# HKS 55 wie kann ich es einstellen?



## mascha111 (17. September 2007)

Hallo,
kann mir jemand helfen? Ich finde HKS 55 in IIlustrator CS3 nicht. Es gibt viele Farbtafeln HKS E, N, Z... aber wo ist HKS 55? Wo kann ich es finden? Ich habe ein CMYK -Gelb und muss es wie geagt in HKS 55 umwandeln.
Ich bin eine Anfängerin was Farbeinsetllungen betrifft und leider war ich auch noch nie in so einem Forum. ..ich hoffe ich habe es richtig gemacht.
Vielen Dank an Unbekannt ins www!


----------



## Markus Kolletzky (17. September 2007)

Hallo und herzlich Willkommen auf tutorials.de.

Keine Sorge, du hast hier im Forum bisher alles richtig gemacht. 
Zum Thema: Wie du schon richtig bemerkt hast, gibt es mehrere HKS Farbtafeln.
Die angesprochenen Buchstaben stehen für unterschiedliche Papierarten:


 HKS E (Endlospapier)
     HKS K (Kunstdruckpapier)
     HKS N (Naturpapier)
     HKS Z (Zeitungspapier)
http://de.wikipedia.org/wiki/HKS-Farbfächer

Also frag am besten nochmal nach, auf welchem Papier das HKS 55 gedruckt werden soll,
da sich die verschiedenen Farbtöne schon arg unterscheiden werden.

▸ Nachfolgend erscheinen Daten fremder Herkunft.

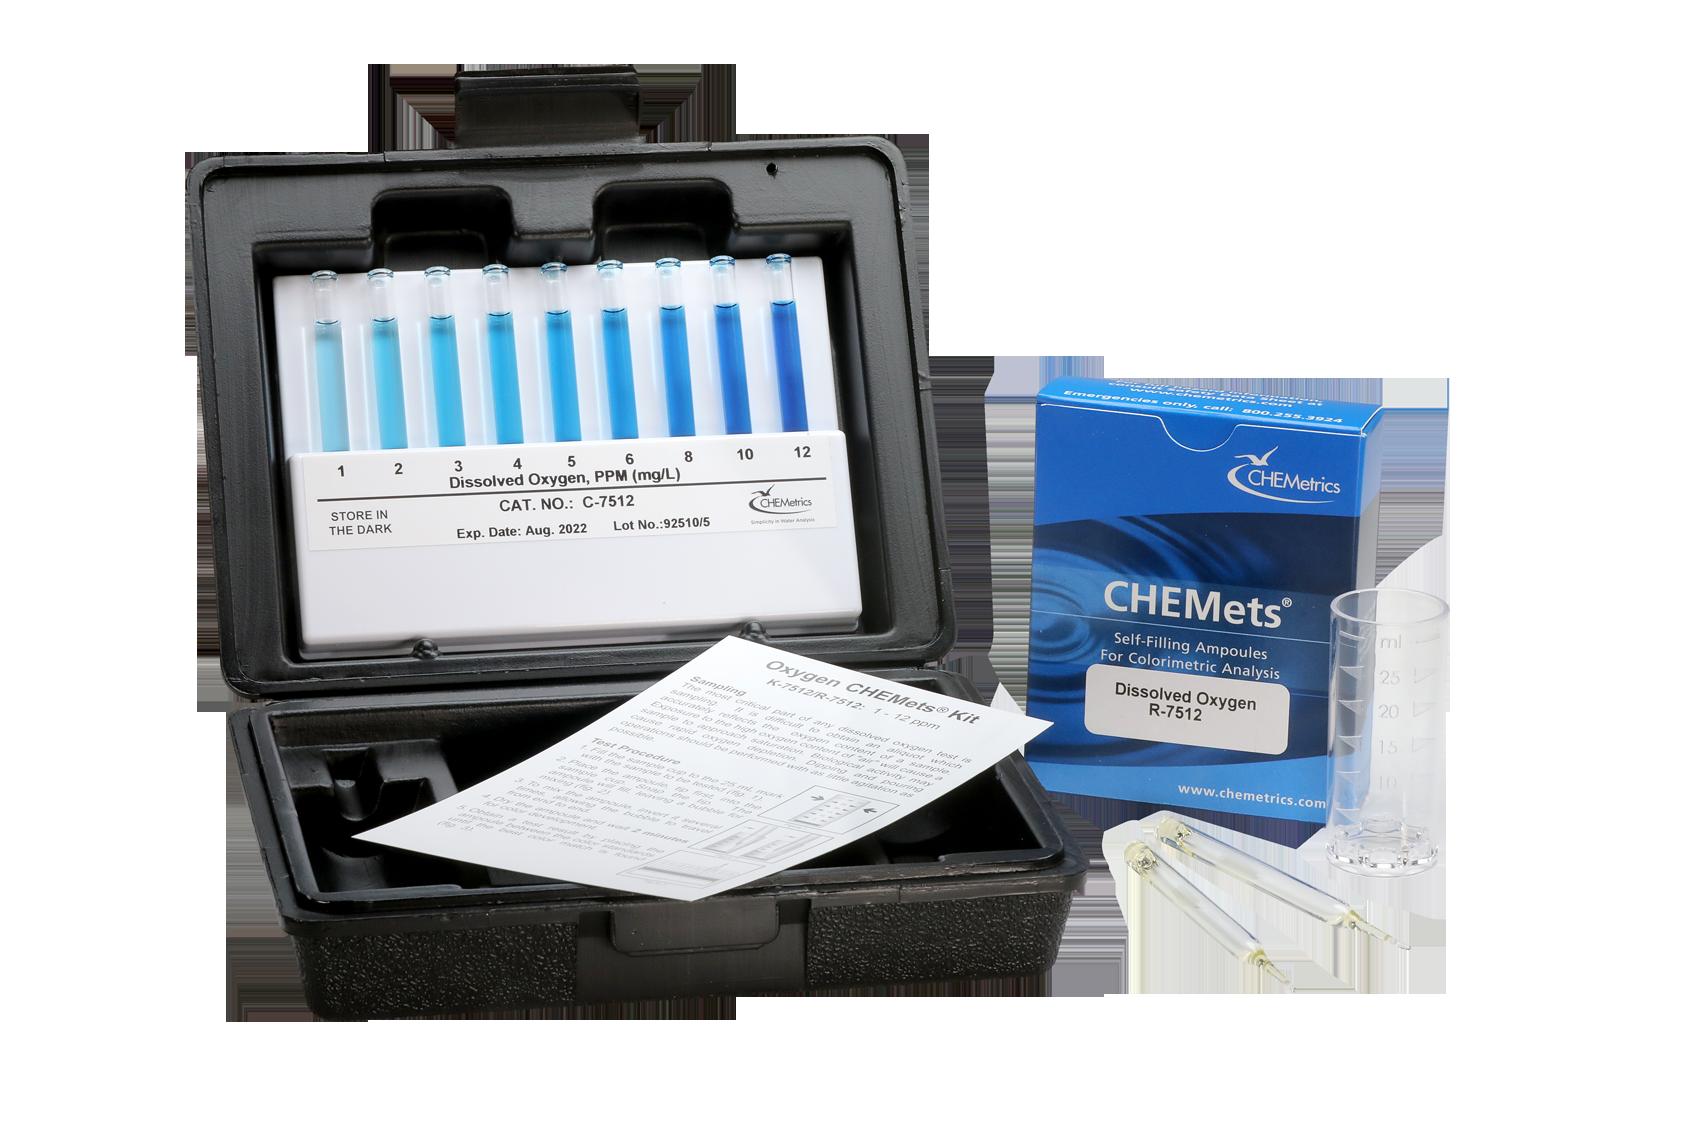 CHEMetrics K-7512 Dissolved Oxygen Test kit and contents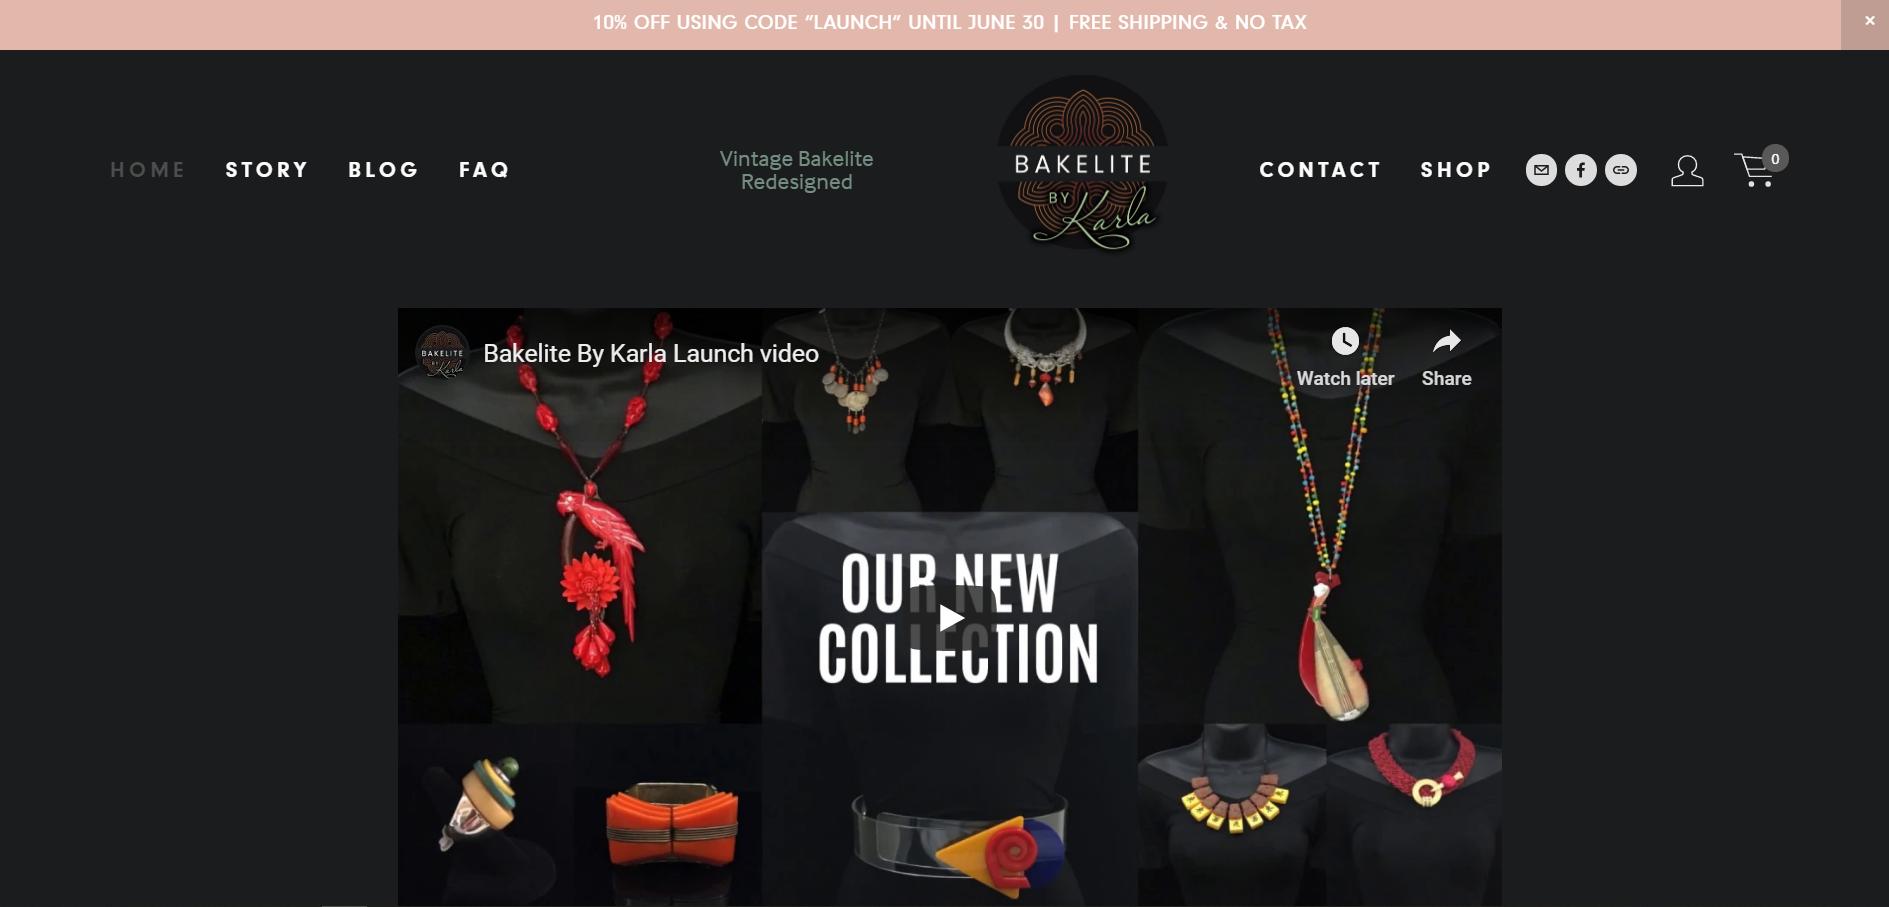 Bakelite By Karla - Ecommerce Jewelry Shop

Hier noch die CMYK-Werte für HKS 55:

N: 100, 0, 70, 0
K: 100, 0, 80, 30
E: 100, 0, 80, 30
Z: 90, 0, 55, 0

und RGB:
#007755

In diesem Sinne
Liebe Grüße

Markus


----------



## mascha111 (17. September 2007)

Danke dir für die antwort. wieso gibt es denn auch cmyk für HKS hm so ganz verstehe ich es noch nicht. Muß es nicht immer ein Volltonwert sein? Alos Z auch 100, 0, 55, 0?
N: 100, 0, 70, 0
K: 100, 0, 80, 30
E: 100, 0, 80, 30
Z: 90, 0, 55, 0
wenn ich also weiß welches papier es ist und welcher farbwerte in CMYK kann ich diesen wert auch einfach einstellen und muss gar nicht auf HKS umstellen? Wird es dann nicht verfälscht?
Die Farben sind ja in den HKS Skalen wirklich sehr unterschiedlich da dachte ich nicht einmal das es das gleiche sei. 
Ich brauche also einen Farbfächer HKS um die Farbe einschätzen zu können?
Und in HKS gibt es einfach weniger Farben ja?
Ich danke dir sehr für deine Antwort und Hilfe
grüße mascha


----------



## Jan-Frederik Stieler (19. September 2007)

Hallo,
Zu deiner Frage mit dem Volltonwert. einfach gesprochen Nein es muß nicht immer 100% sein.
Den die CMYK werte sind nur annäherungen an den Volltonwert. Wenn man den Wert genau in CMYK simulieren könnte brauchte man die unter umständen teurer variante einer Volltonfarbe ja nicht.
Volltonfarben (mal abgesehen von Volltonfarben aus dem CMYK Raum) sind vorgemischte Farben die einem Patent unterliegen.
Ja du solltest bevor du die Farbe drucken läßt dir diese auf einem Fächer anschauen da es sonst zu überraschungen kommen kann wenn du davon ausgehst was du in den Farbtabellen von Illustartor siehst.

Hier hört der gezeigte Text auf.